**What the exercise asks**
From the first line to the last, repeat the data exactly but leave out the pictures.

**Stored data**
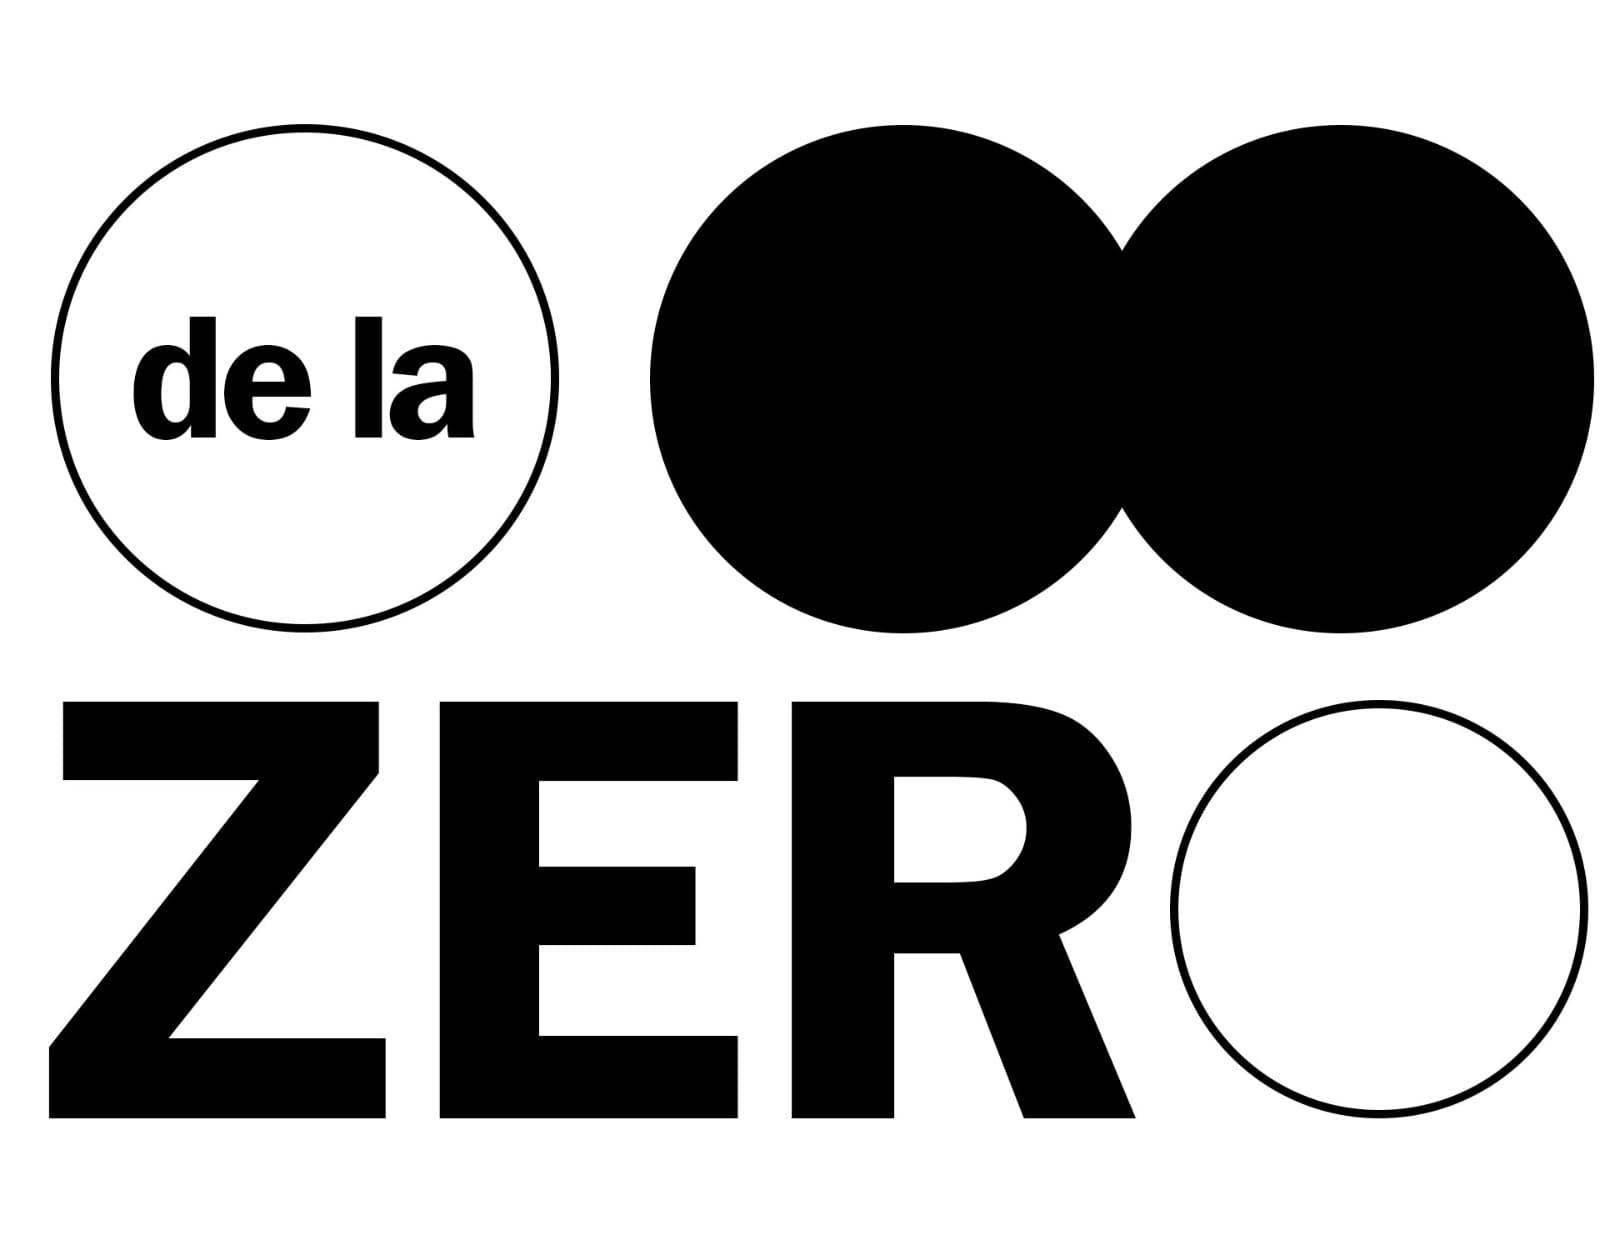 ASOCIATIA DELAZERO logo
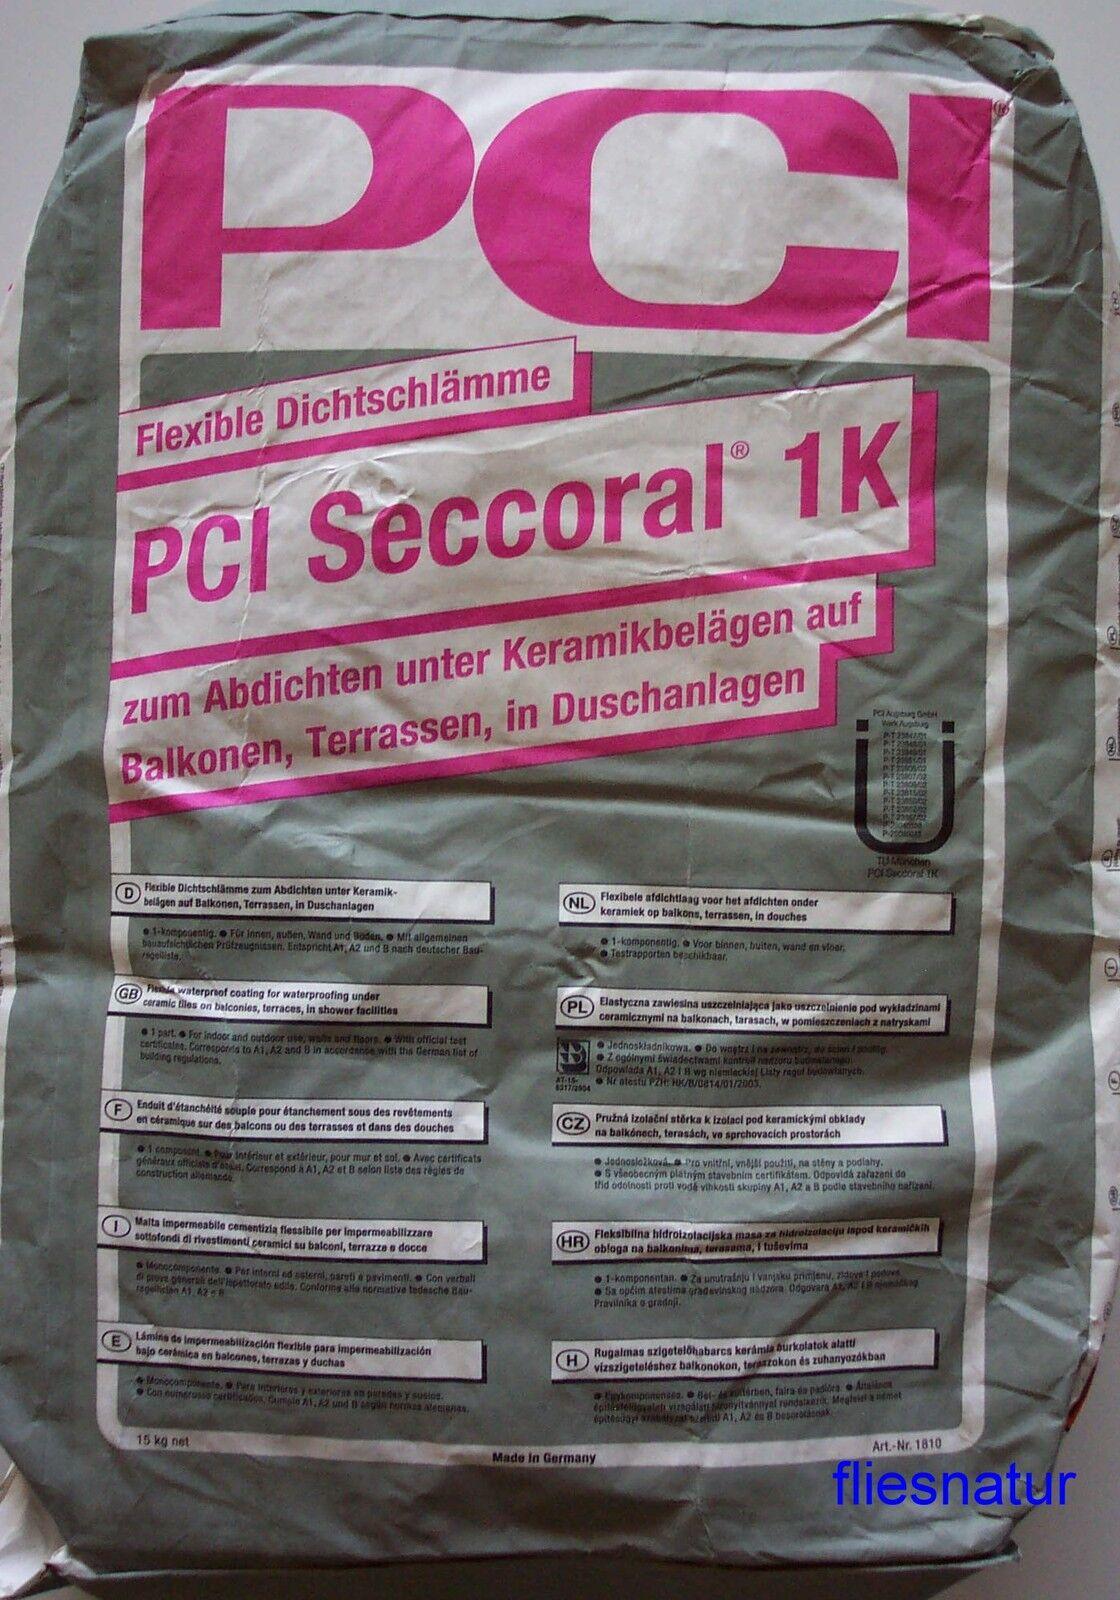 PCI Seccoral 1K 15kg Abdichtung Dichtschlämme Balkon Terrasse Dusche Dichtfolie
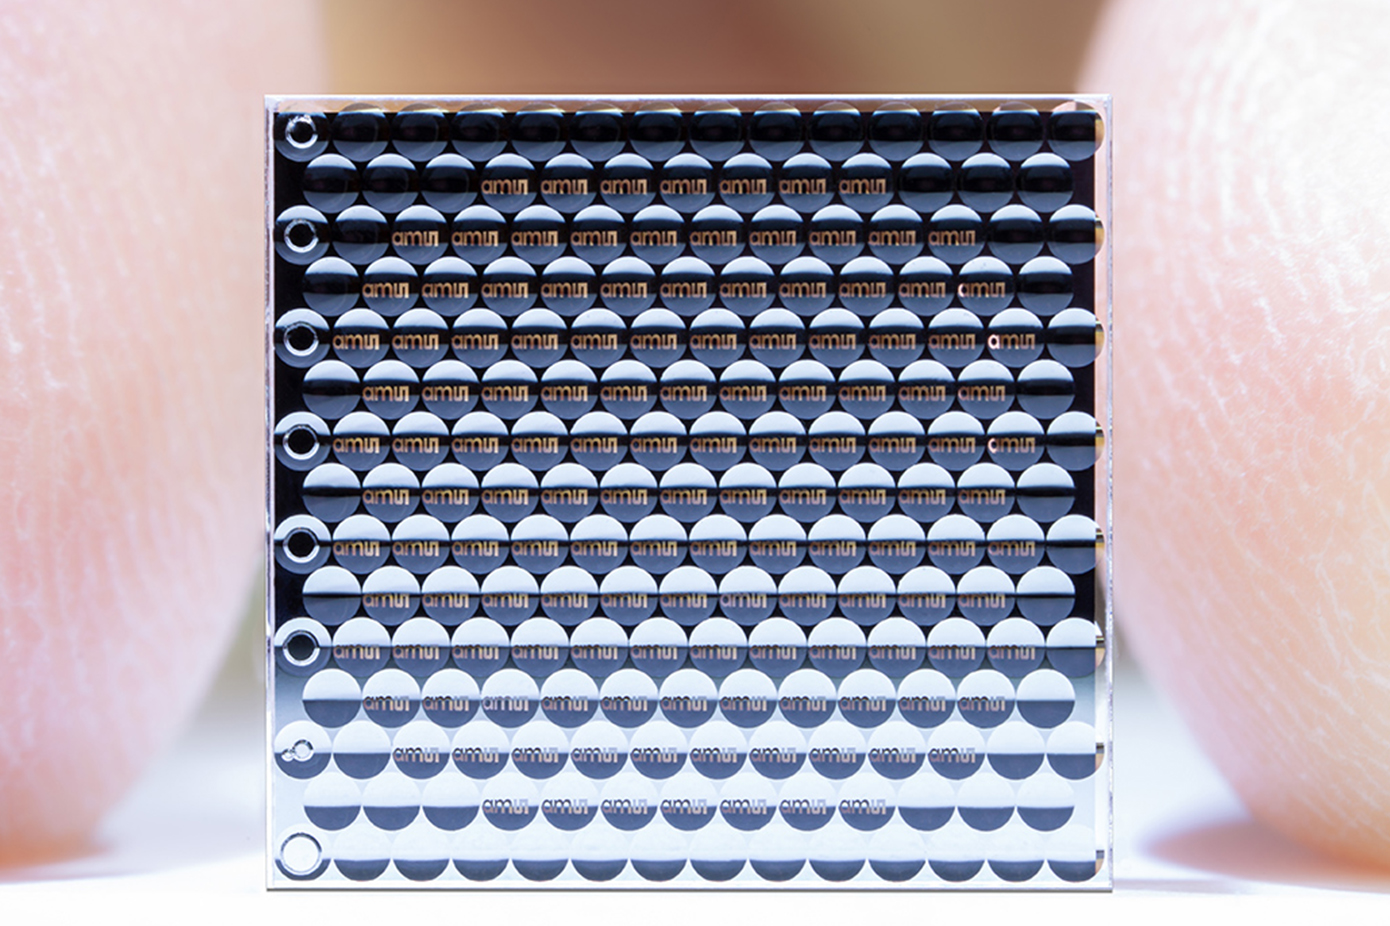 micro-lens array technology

**Answer below**
 ASOCIATIA DELAZERO logo
 PCI Seccoral 1K 15kg Abdichtung Dichtschlämme Balkon Terrasse Dusche Dichtfolie
 micro-lens array technology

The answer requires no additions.